假设我们要从文件sample.txt当中取得“the”这个特定字符串,最简单的方式是:
[root@RHEL7-1 ~]# grep -n 'the' /root/sample.txt 8:I can't finish the test. 12:the symbol '*' is represented as start. 15:You are the best is mean you are the no. 1. 16:The world <Happy> is the same with "glad". 18:google is the best tools for search keyword.
如果想要反向选择呢,即当该行没有“the”这个字符串时才显示在屏幕上:
[root@RHEL7-1 ~]# grep -vn 'the' /root/sample.txt
如果你想要获得不论大小写的“the”这个字符串,则执行:
[root@RHEL7-1 ~]# grep -in 'the' /root/sample.txt 8:I can't finish the test. 9:Oh! The soup taste good. 12:the symbol '*' is represented as start. 14:The gd software is a library for drafting programs. 15:You are the best is mean you are the no. 1. 16:The world <Happy> is the same with "glad". 18:google is the best tools for search keyword.
(2)利用中括号 [] 来搜寻集合字符。
对比“test”或“taste”这两个单词可以发现,它们有共同点“t?st”存在。这个时候,可以这样来查寻:
[root@RHEL7-1 ~]# grep -n 't[ae]st' /root/sample.txt 8:I can't finish the test. 9:Oh! The soup taste good.
其实 [] 里面不论有几个字符,都只代表某一个字符,所以,上面的例子说明需要的字符串是tast或test。而如果想要搜寻到有“oo”的字符时,则使用:
[root@RHEL7-1 ~]# grep -n 'oo' /root/sample.txt 1:"Open Source" is a good mechanism to develop programs. 2:apple is my favorite food. 3:Football game is not use feet only. 9:Oh! The soup taste good. 18:google is the best tools for search keyword. 19:goooooogle yes!
如果不想要“oo”前面有“g”的行显示出来。此时,可以利用在集合字节的反向选择[^]来完成:
[root@RHEL7-1 ~]# grep -n '[^g]oo' /root/sample.txt 2:apple is my favorite food. 3:Football game is not use feet only. 18:google is the best tools for search keyword. 19:goooooogle yes!
假设oo前面不想有小写字母,可以这样写:[^abcd....z]oo。但是这样似乎不怎么方便,由于小写字母的ASCII上编码的顺序是连续的,因此,我们可以将之简化:
[root@RHEL7-1 ~]# grep -n '[^a-z]oo' sample.txt 3:Football game is not use feet only.

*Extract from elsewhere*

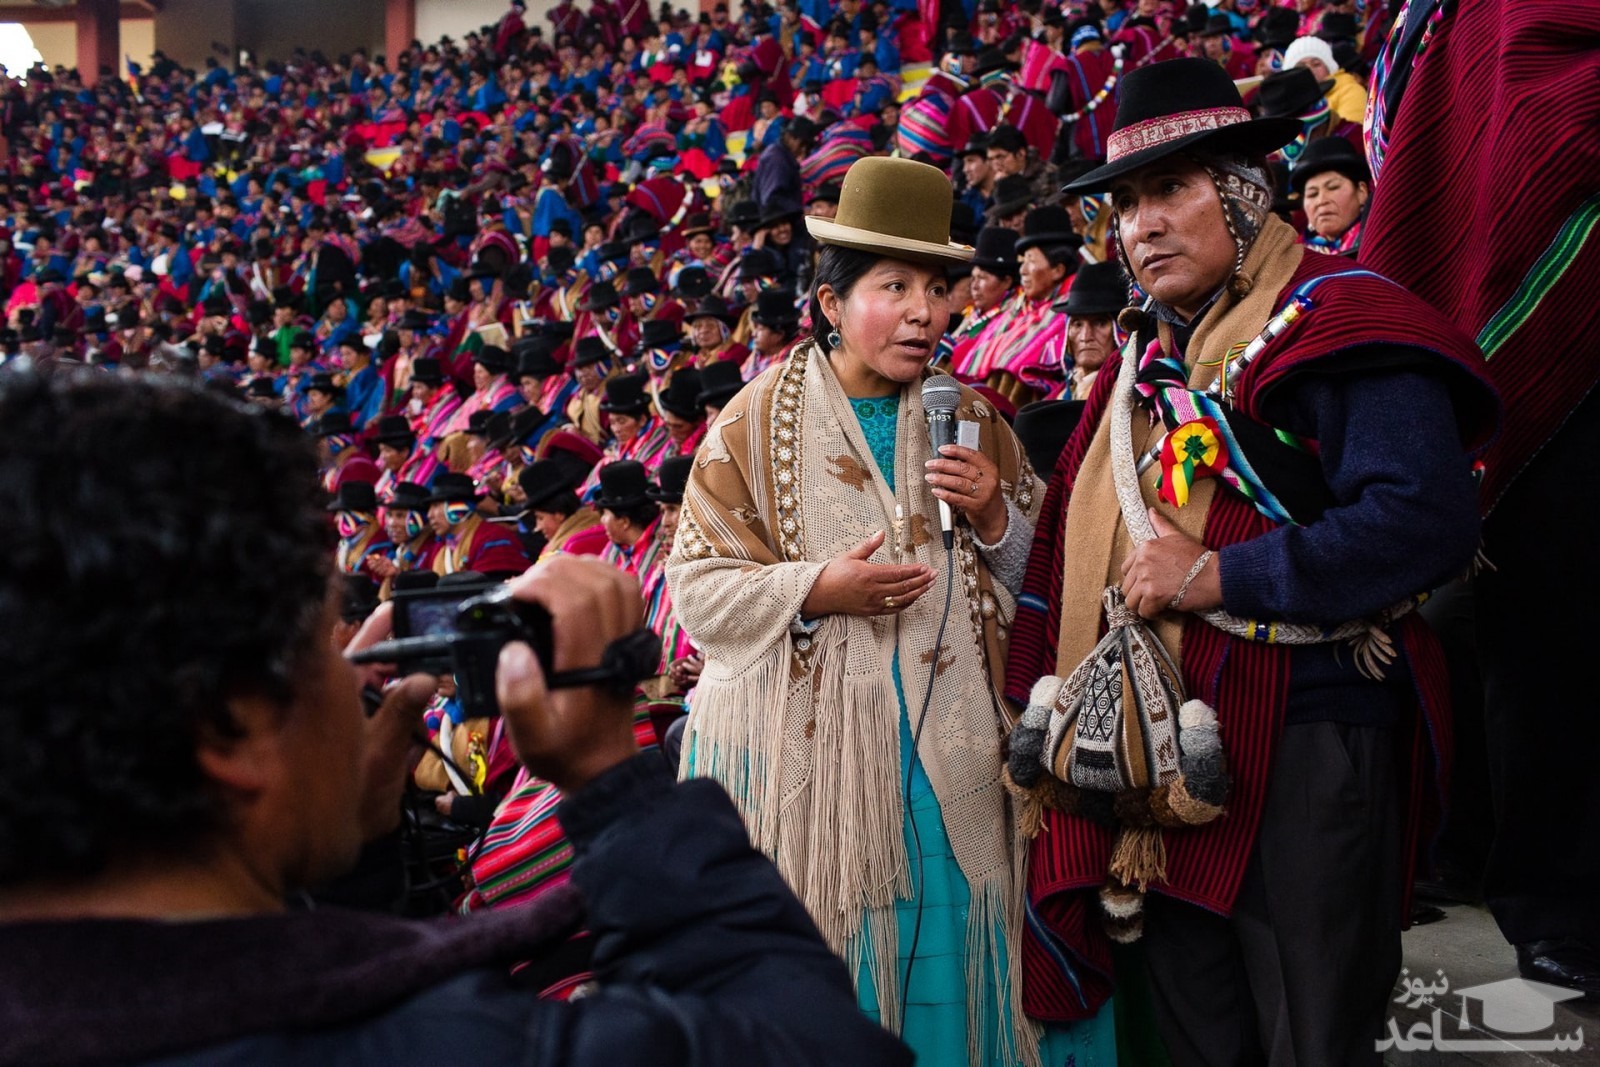 پوشش بومی مردم بولیوی

如果要求字符串是数字与英文呢?那就将其全部写在一起,变成:[a-zA-Z0-9]。例如,我们要获取有数字的那一行:
[root@RHEL7-1 ~]# grep -n '[0-9]' /root/sample.txt 5:However, this dress is about $ 3183 dollars. 15:You are the best is mean you are the no. 1.

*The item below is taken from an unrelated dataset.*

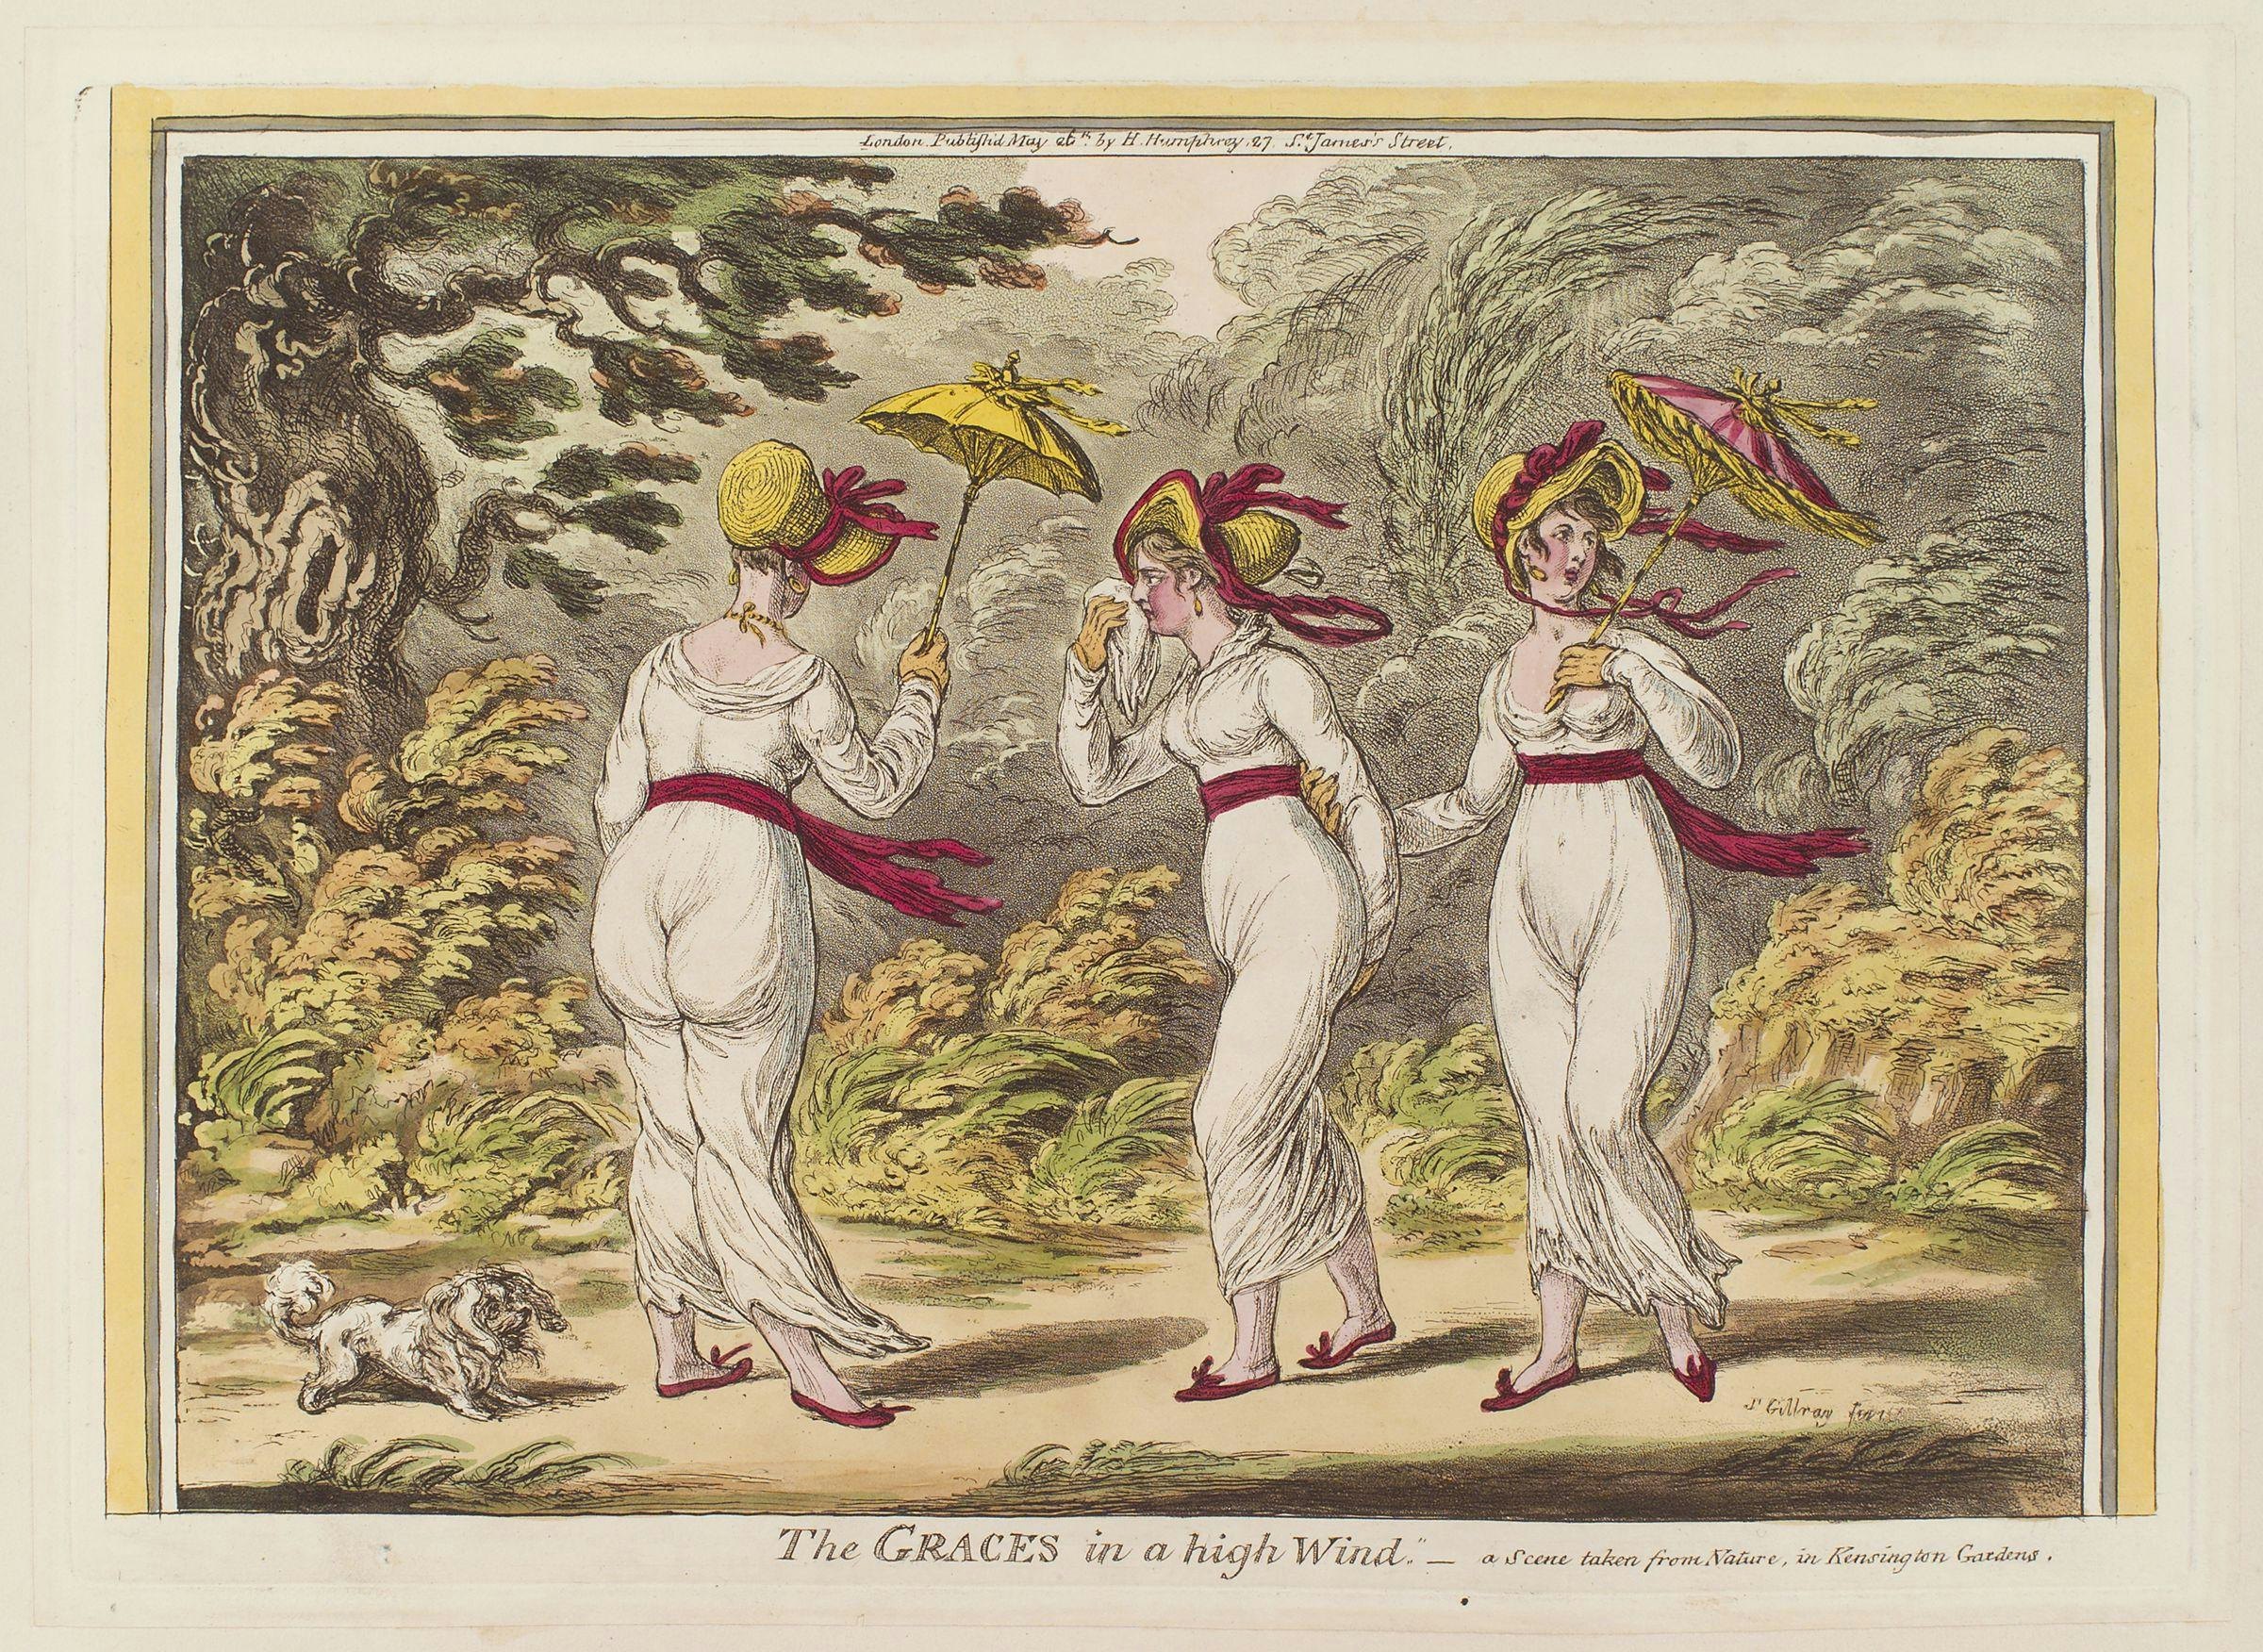 Children's Underwear in Regency England - Jane Austen articles and blog

由于考虑到语系对于编码顺序的影响,所以除了连续编码使用减号“-”之外,也可以使用如下的方法来取得前面两个测试的结果:
[root@RHEL7-1 ~]# grep -n '[^[:lower:]]oo' /root/sample.txt # [:lower:]代表的就是a-z的意思 [root@RHEL7-1 ~]# grep -n '[[:digit:]]' /root/sample.txt
3)行首与行尾字节^ $。
在前面,可以查询到一行字串里面有“the”,那如果想要让“the”只在行首才列出呢?

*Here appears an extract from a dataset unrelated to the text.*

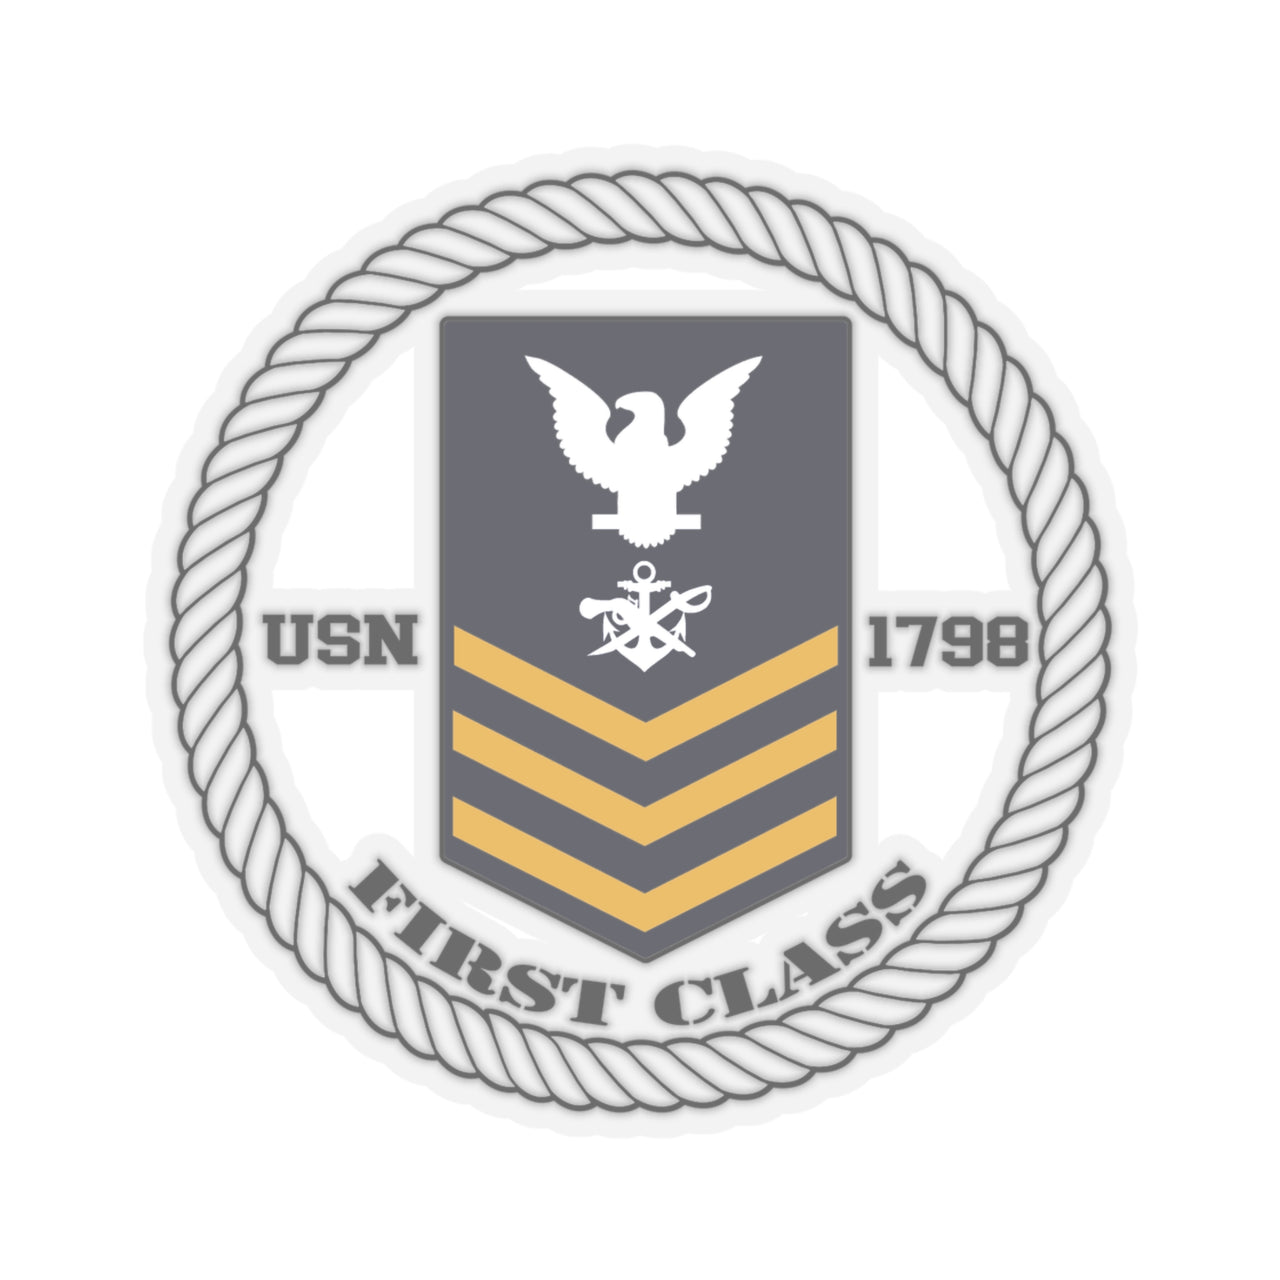 Petty Officer First Class SB1 (Gold)

[root@RHEL7-1 ~]# grep -n '^the' /root/sample.txt 12:the symbol '*' is represented as start.
如果想要开头是小写字母的那些行列出呢?可以这样写:
[root@RHEL7-1 ~]# grep -n '^[a-z]' /root/sample.txt 2:apple is my favorite food. 4:this dress doesn't fit me. 10:motorcycle is cheap than car. 12:the symbol '*' is represented as start. 18:google is the best tools for search keyword. 19:goooooogle yes! 20:go! go! Let's go.
如果不想要开头是英文字母,则可以这样:
[root@RHEL7-1 ~]# grep -n '^[^a-zA-Z]' /root/sample.txt 1:"Open Source" is a good mechanism to develop programs. 21:# I am Bobby
特别提示:“^”符号在字符集合符号(括号[])之内与之外的意义是不同的。在 [] 内代表“反向选择”,在 [] 之外则代表定位在行首。反过来思考,如果想要找出行尾结束为小数点(.)的那些行,该如何处理?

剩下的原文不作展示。